───── INPUT FOR THIS TASK ─────

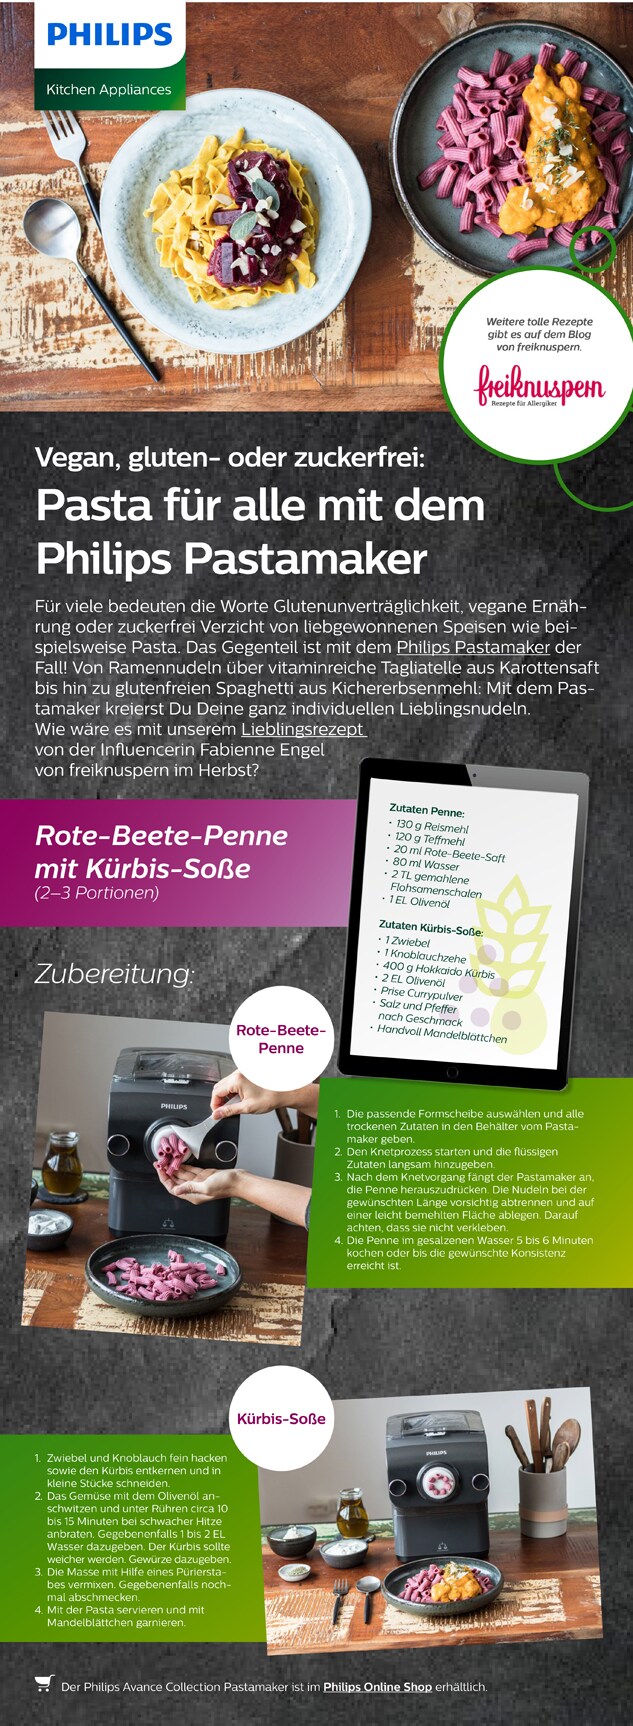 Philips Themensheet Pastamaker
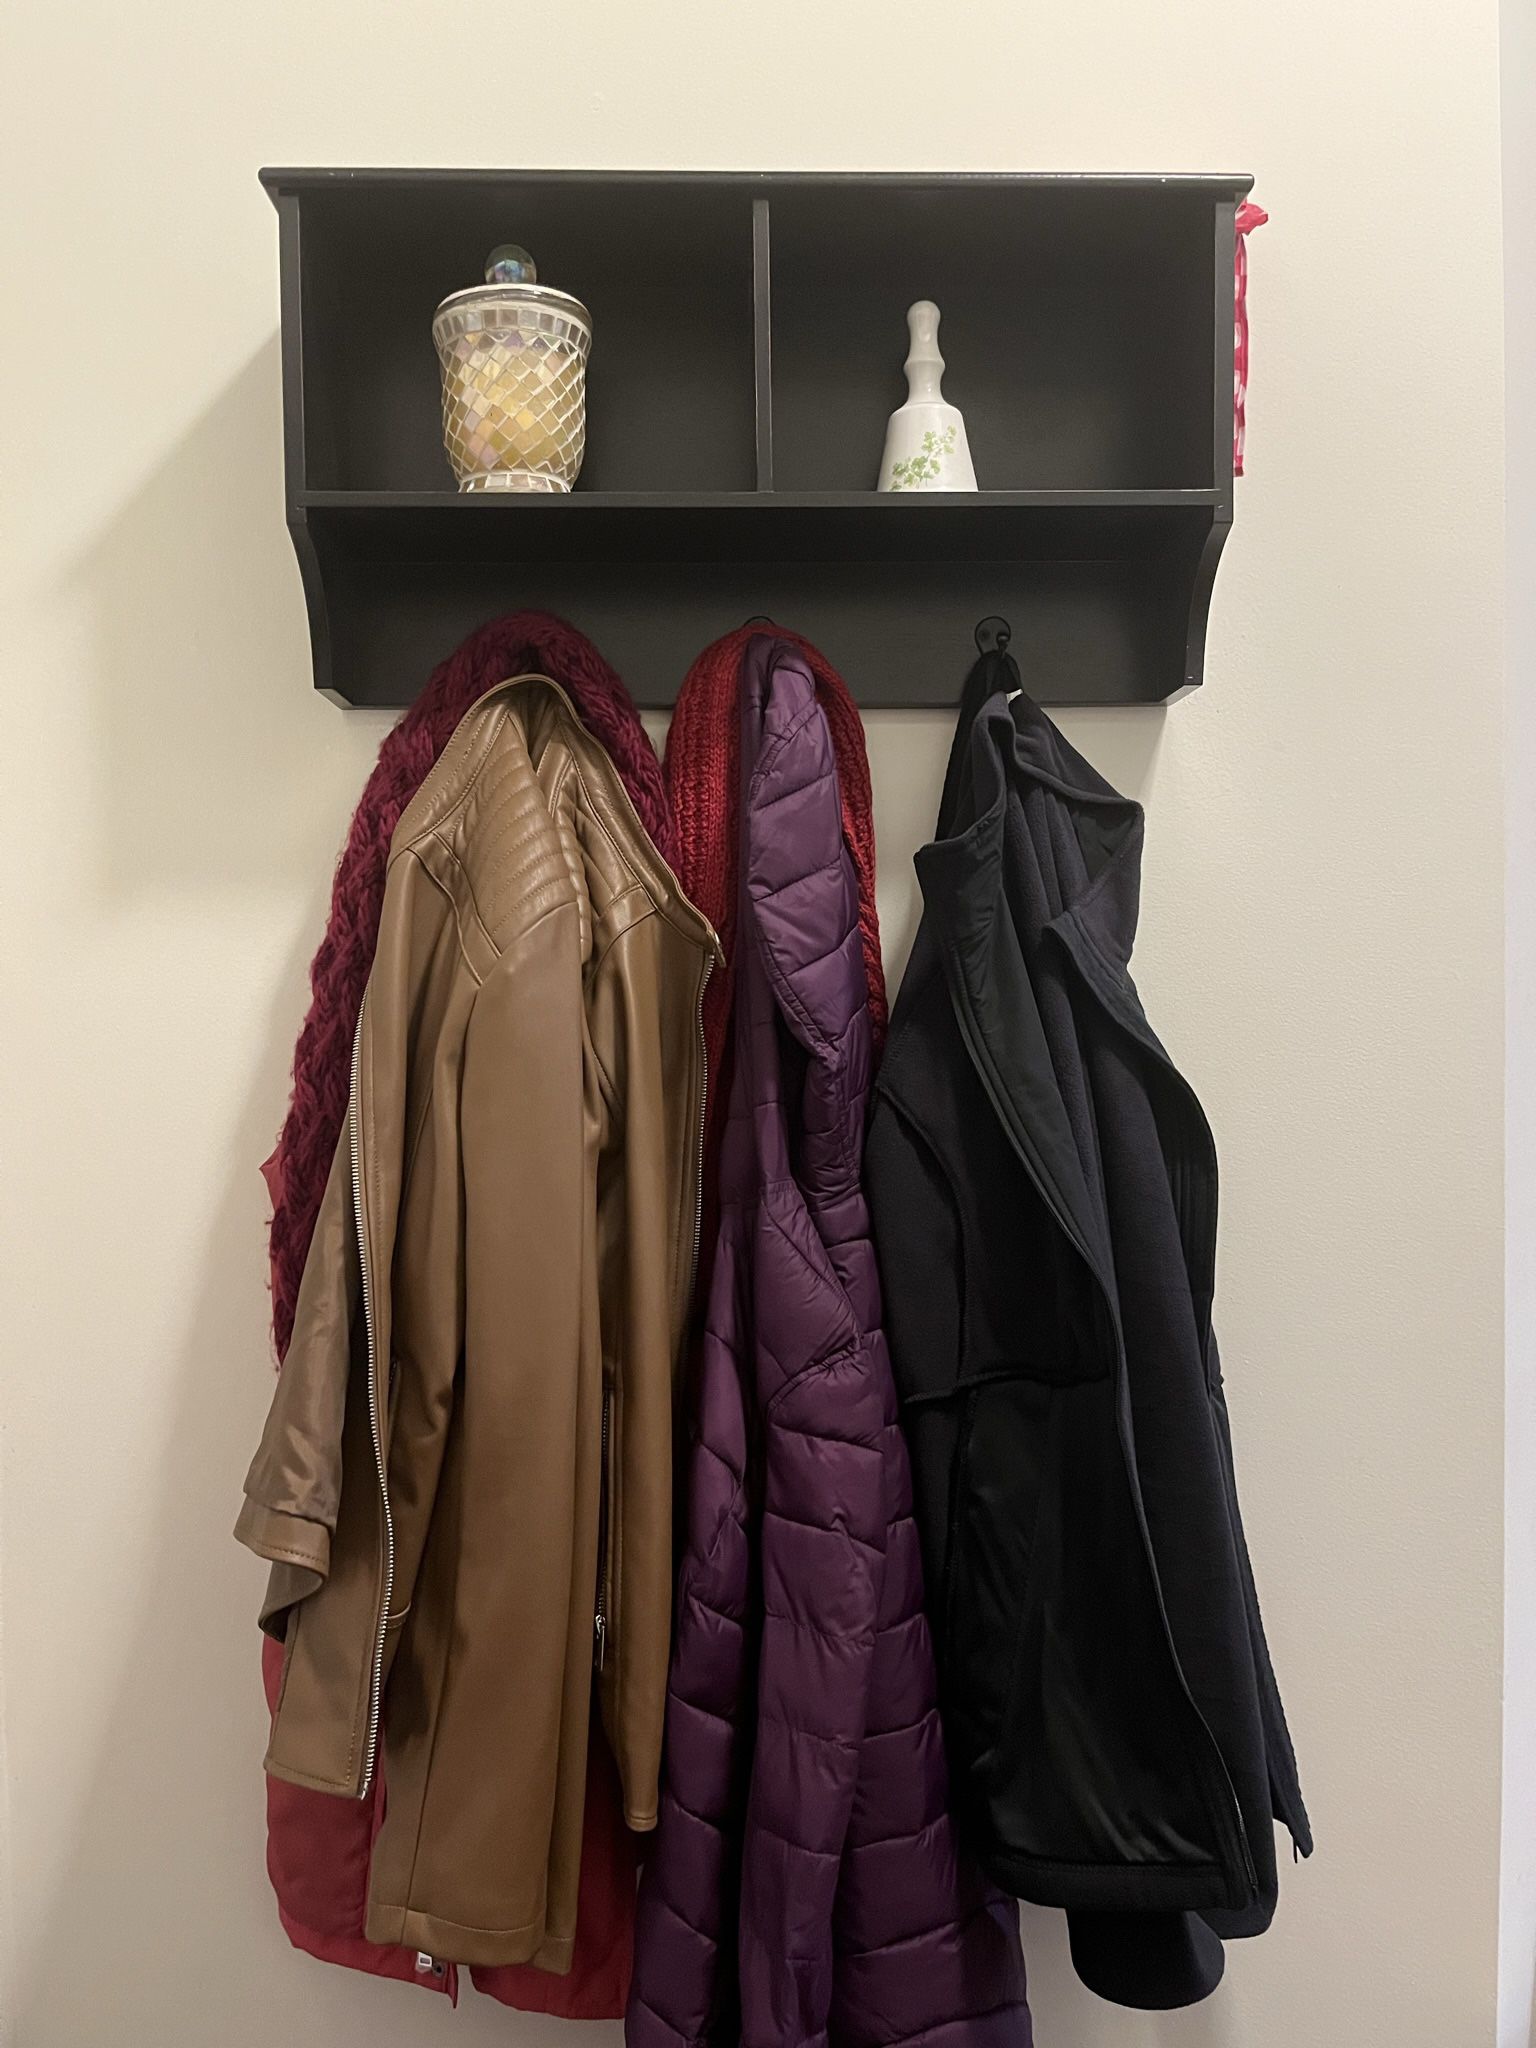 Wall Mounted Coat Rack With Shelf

─────
───── INPUT FOR THIS TASK ─────

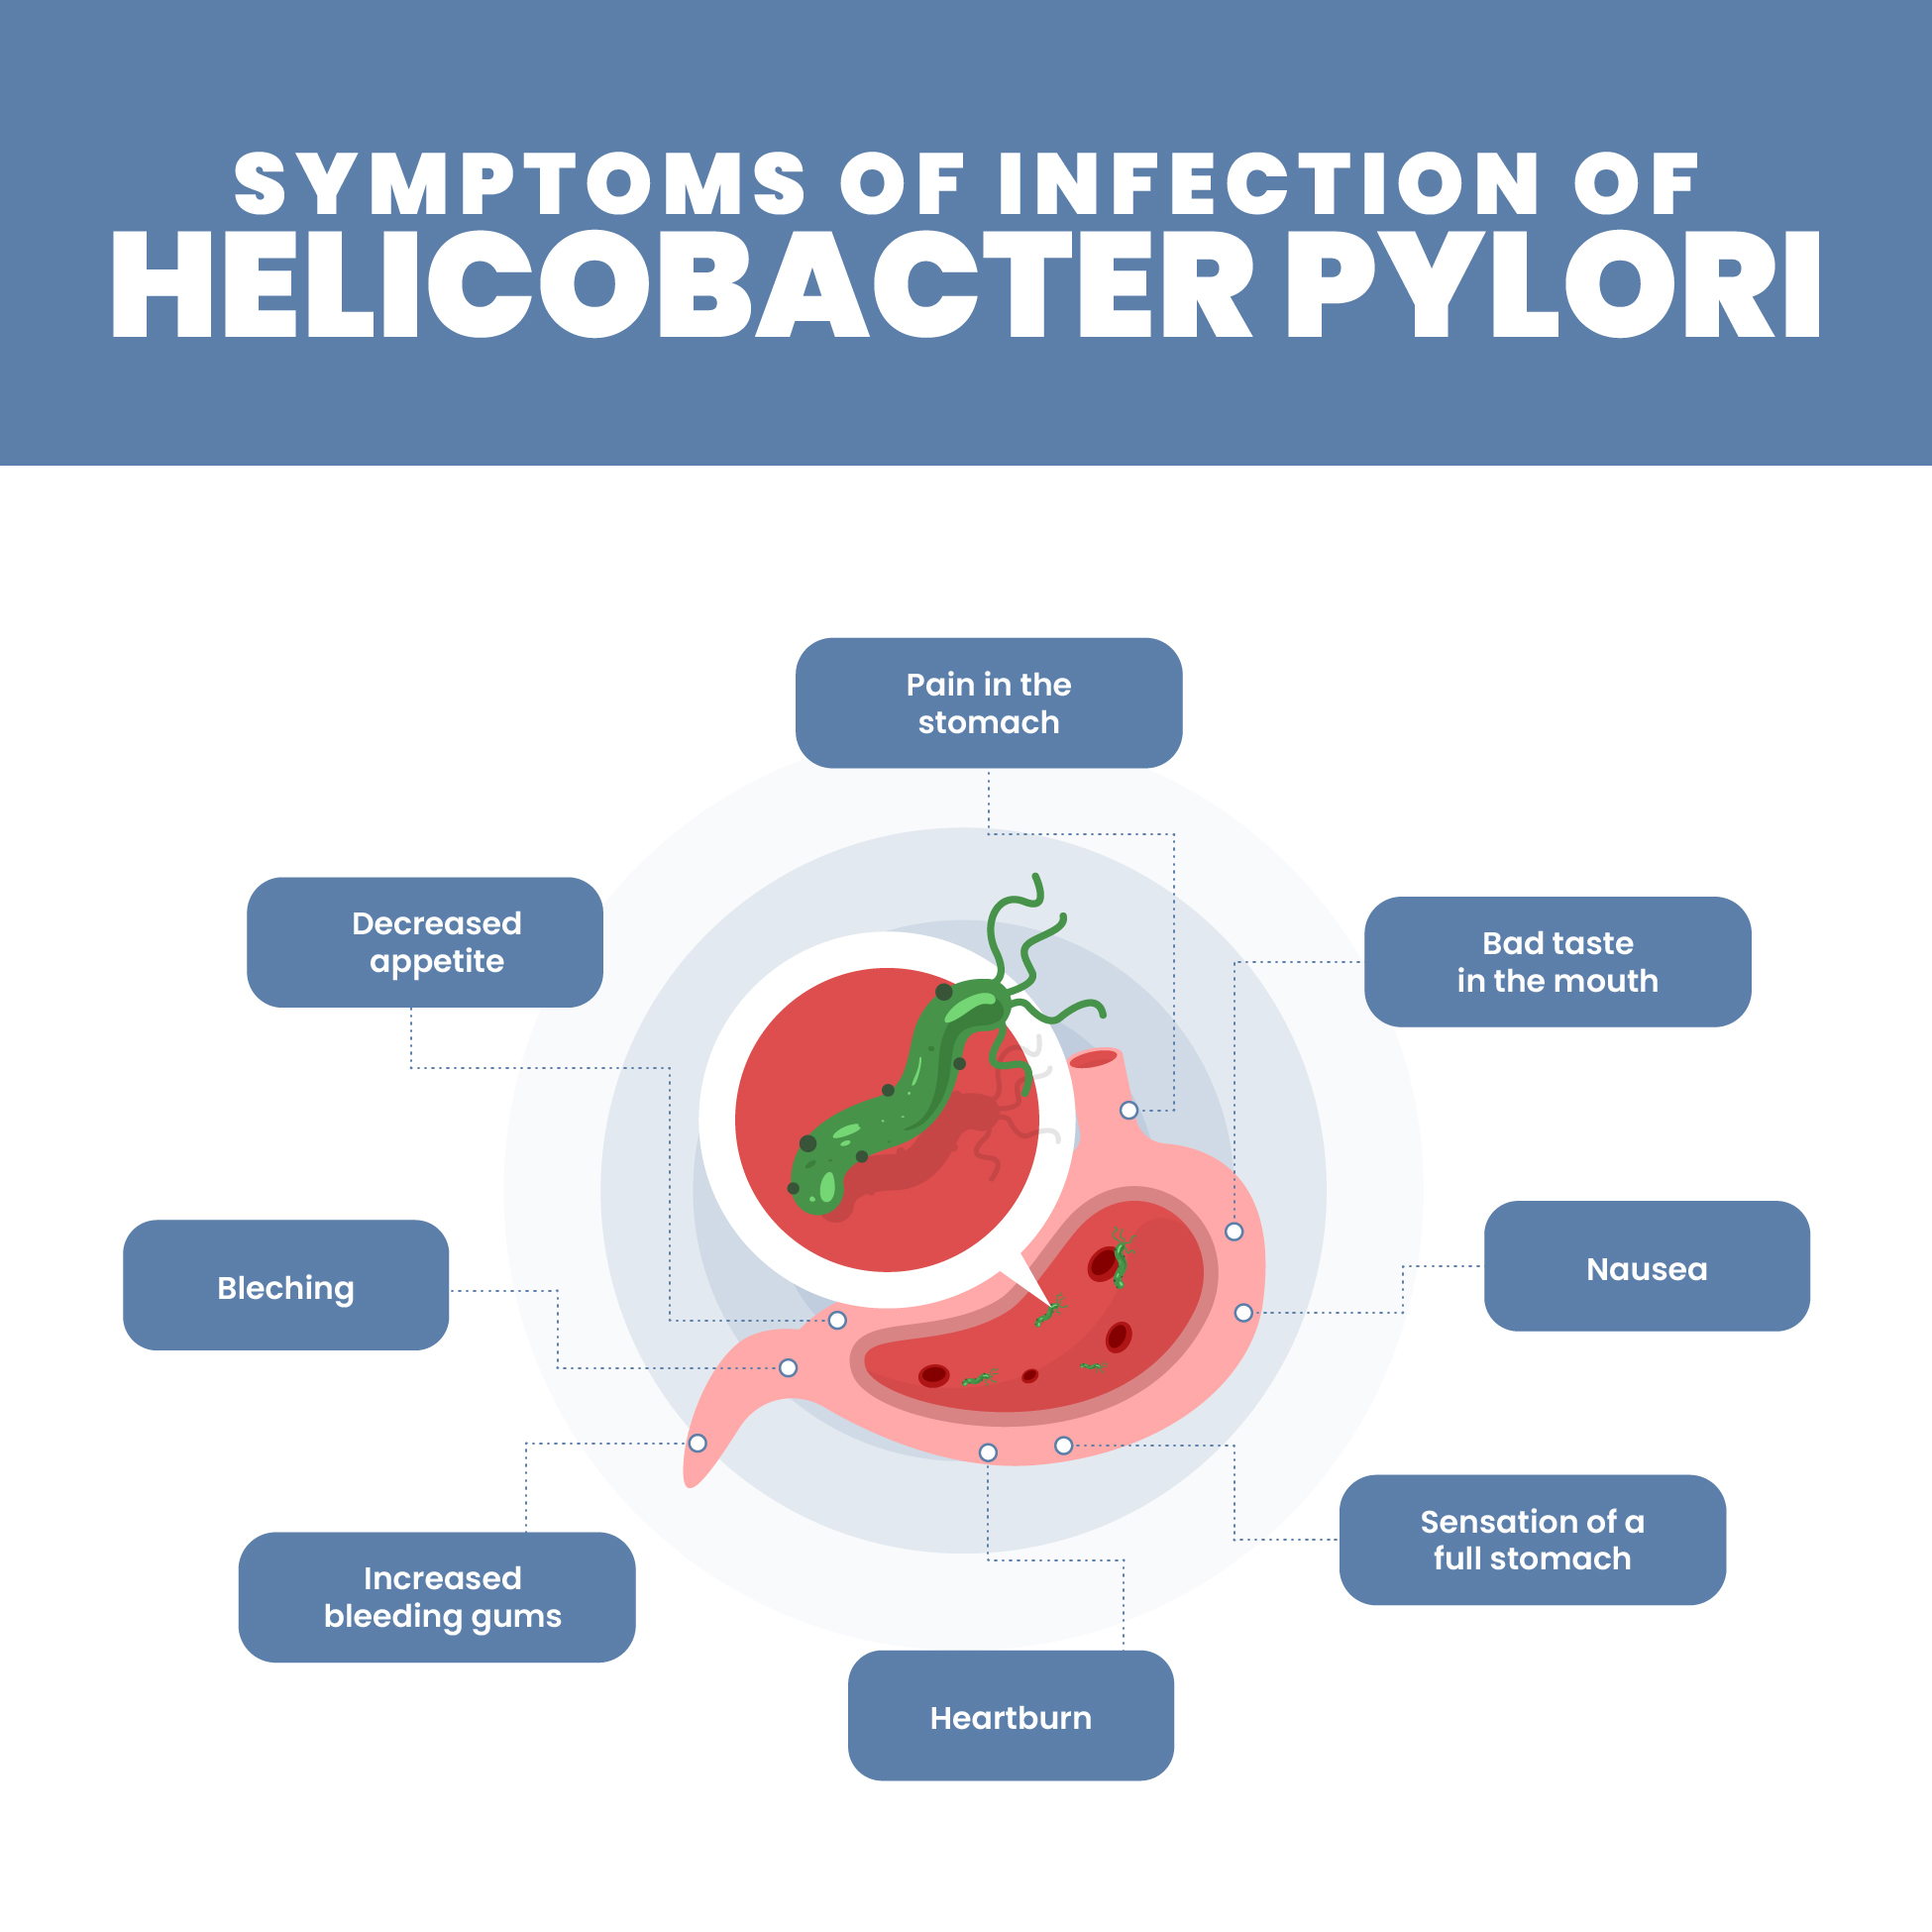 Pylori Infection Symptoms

─────

REQUIRED WORK => Above this task is a listing with pictures in it. Retype only the lines from the one containing "Philips Themensheet Pastamaker" through the one containing "Wall Mounted Coat Rack With Shelf", both included, and not the pictures.

TASK OUTPUT =>
 Philips Themensheet Pastamaker
 Wall Mounted Coat Rack With Shelf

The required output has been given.